Empirical results on synthetic and large-scale real-world bandit datasets support these advances.

Figure 2: Regret on a bandit dataset with discrete action space, comparing algorithms under different scaling regimes.

Figure 3: Progressive regret with varying hardness parameter $\alpha$ on synthetic data, capturing instance-dependent adaptation.

Model Selection under Partial Feedback

The final substantive focus is on model selection in adaptive, feedback-limited environments, an area theoretically less mature than its supervised counterpart. The work provides the first sharp lower and upper bounds, establishing that online model selection is strictly harder than batch: a polynomial cost must be paid (as opposed to logarithmic in supervised settings).
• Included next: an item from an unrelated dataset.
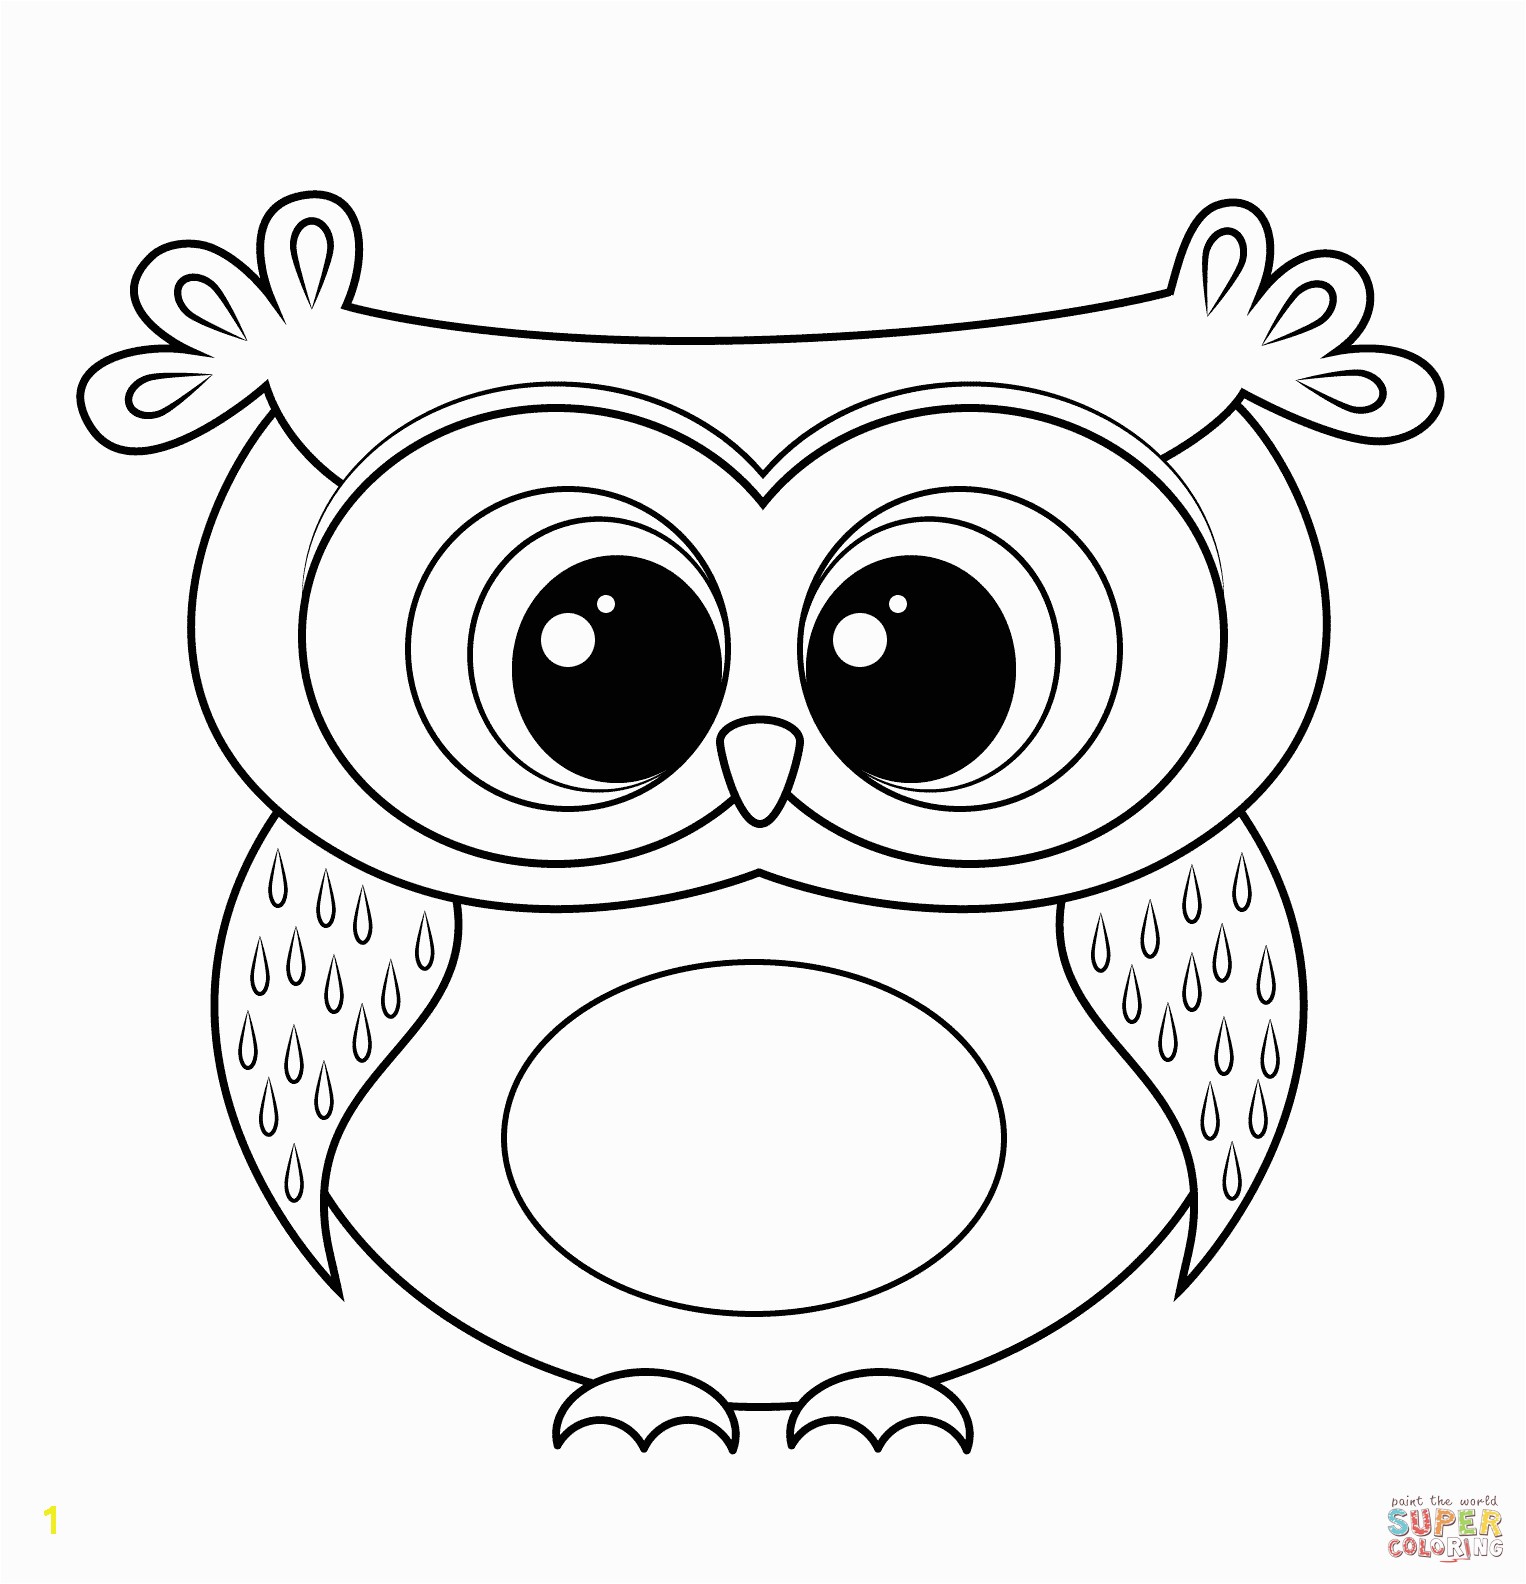 Cute Owl Coloring Pages Cartoon Owl Coloring Page Free Printable Coloring Pages

Notably, Pareto-optimal algorithms are established for both regret minimization and best action identification, matching lower bounds up to logarithmic factors.

Figure 4: Pareto optimal rates for bandit learning with multiple best arms.

Figure 5: Pareto optimal model selection rates for linear bandits.

The methods adapt online to the complexity of the underlying problem instance, delivering performance guarantees that closely track oracle behaviors.

Implications and Future Directions

The theoretical contributions fundamentally expand the scope of efficient, statistically optimal interactive machine learning. Abstention and smoothed performance criteria are highlighted as essential technical levers for circumventing worst-case lower bounds, supporting large-scale and high-stakes applications. The ability to combine deep learning with adaptive data acquisition in a theoretically principled manner is particularly noteworthy.

Several directions are outlined for further investigation:

• Sharper Characterization of Disagreement: For deep networks, bounding the disagreement coefficient and understanding its empirical scaling in practical regimes.
• Adaptive Algorithms: Methods that self-tune to unknown smoothness/noise parameters, possibly leveraging data-dependent model selection.
• Advanced Feedback Models: Extension to reinforcement learning and online settings with more complex partial feedback structures.

Conclusion

This work advances the theoretical and algorithmic foundations of interactive machine learning, demonstrating that statistically optimal and computationally practical learning is possible in challenging regimes previously thought intractable. Through abstention, robust nonparametric approximation, and scalable bandit algorithms, the research bridges theory and practice, with implications for both the design of efficient annotation protocols and the deployment of large-scale, adaptive decision systems.